Let $x \in \R \setminus \Z$, that is such that $x$ is a real number that is not an integer.

Then:

$\ds \pi \cot \pi x = \dfrac 1 x + 2 x \sum_{n \mathop = 1}^\infty \frac 1 {x^2 - n^2}$


Proof 1

We have that:

$\cot \pi x = \dfrac {\cos \pi x} {\sin \pi x}$

has a denominator which is $0$ at $x = 0, \pm 1, \pm 2, \ldots$.

Hence the limitation on the domain of $x \cot \pi x$ to exclude integer $x$.

Having established that, we should be able to express $\cot \pi x$ in the form:

$\cot \pi x = \dfrac a x + \displaystyle \sum_{n \mathop = 1}^\infty \left({\frac {b_n} {x - n} + \frac {c_n} {x + n} }\right)$

using a partial fractions expansion.

By evaluating the coefficients $b_n$ and $c_n$ in the usual manner, they are found to be:


$\forall n \in \N: b_n = c_n = \dfrac 1 \pi$

The result follows.

$\blacksquare$


Proof 2

From the Euler Formula for Sine Function:

$\ds \sin x = x \prod_{n \mathop = 1}^\infty \paren {1 - \frac {x^2} {n^2 \pi^2} }$


Taking the logarithm of both sides:

\(\ds \map \ln {\sin x }\) \(=\) \(\ds \ln x + \sum_{n \mathop = 1}^\infty \map \ln {1 - \frac {x^2} {n^2 \pi^2} }\)
\(\ds \) \(=\) \(\ds \ln x + \sum_{n \mathop = 1}^\infty \map \ln {\frac {n^2 \pi^2 - x^2} {n^2 \pi^2} }\)

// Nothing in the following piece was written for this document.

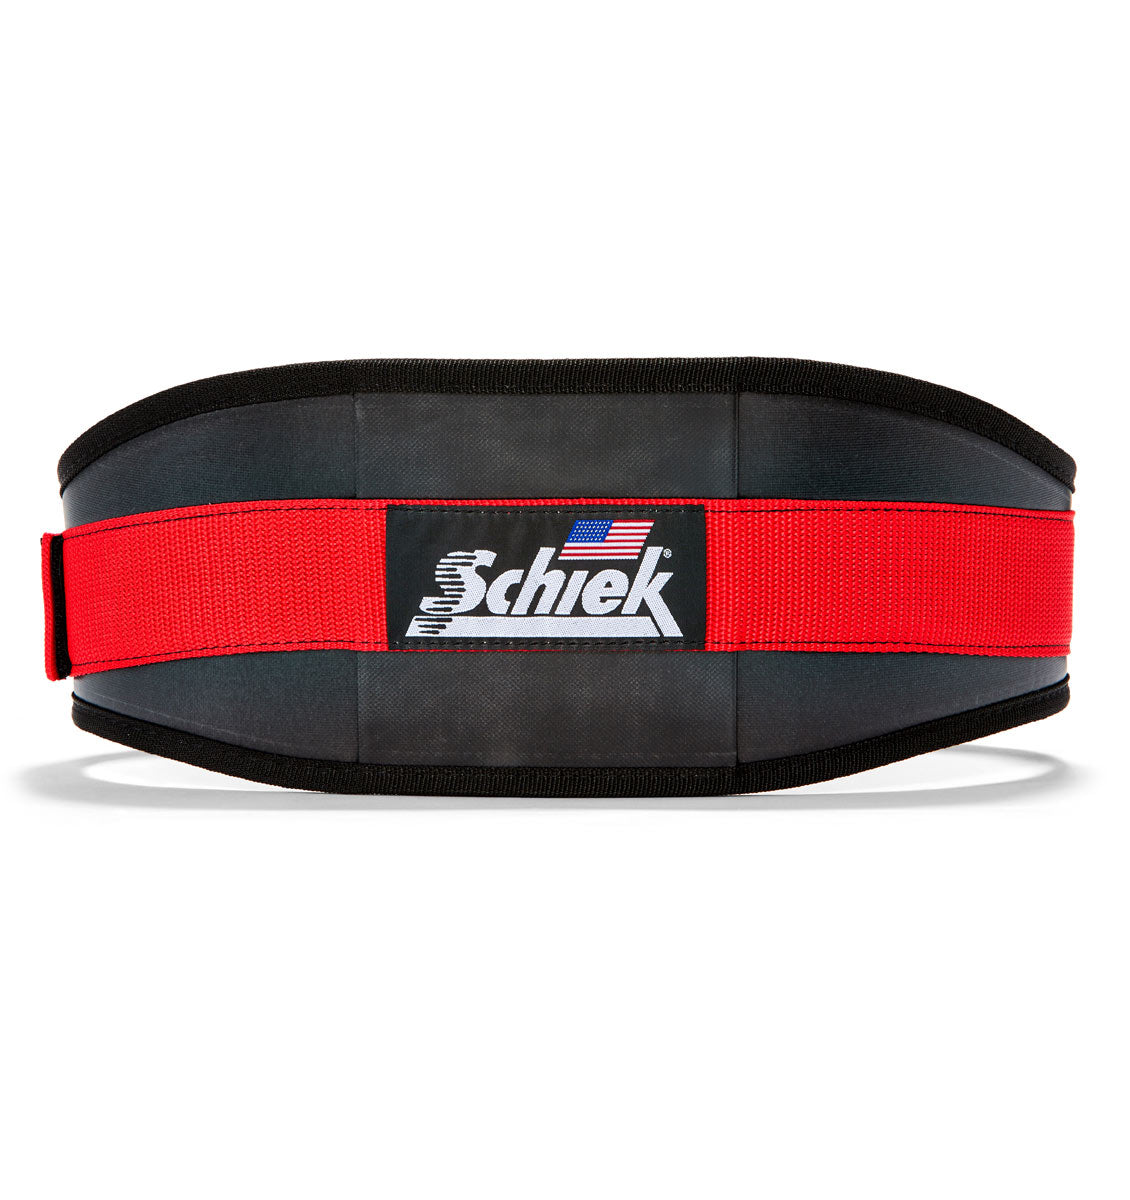 3006 Schiek Contour Weight Lifting Belt Black and Red Back

and differentiating with respect to $x$:

\(\ds \cot x\) \(=\) \(\ds \dfrac 1 x + \sum_{n \mathop = 1}^\infty \dfrac {\dfrac {- 2 x} {n^2 \pi^2 } } {\paren {\dfrac {n^2 \pi^2 - x^2} {n^2 \pi^2} } }\) Derivative of Composite Function
\(\ds \) \(=\) \(\ds \dfrac 1 x + \sum_{n \mathop = 1}^\infty \frac {- 2 x} {n^2 \pi^2 - x^2}\)
\(\ds \leadsto \ \ \) \(\ds \cot x\) \(=\) \(\ds \frac 1 x + 2 x \sum_{n \mathop = 1}^\infty \frac 1 {x^2 - n^2 \pi^2}\) Move the $-1$ to the denominator
\(\ds \leadsto \ \ \) \(\ds \pi \map \cot {\pi x }\) \(=\) \(\ds \pi \paren {\frac 1 {\pi x } + 2 \paren {\pi x } \sum_{n \mathop = 1}^\infty \frac 1 {\paren {\pi x }^2 - n^2 \pi^2 } }\) multiplying by $\pi$ and entering $\pi x$
\(\ds \leadsto \ \ \) \(\ds \pi \map \cot {\pi x }\) \(=\) \(\ds \frac 1 x + 2 x \sum_{n \mathop = 1}^\infty \frac 1 {x^2 - n^2 }\)

Hence the result.

$\blacksquare$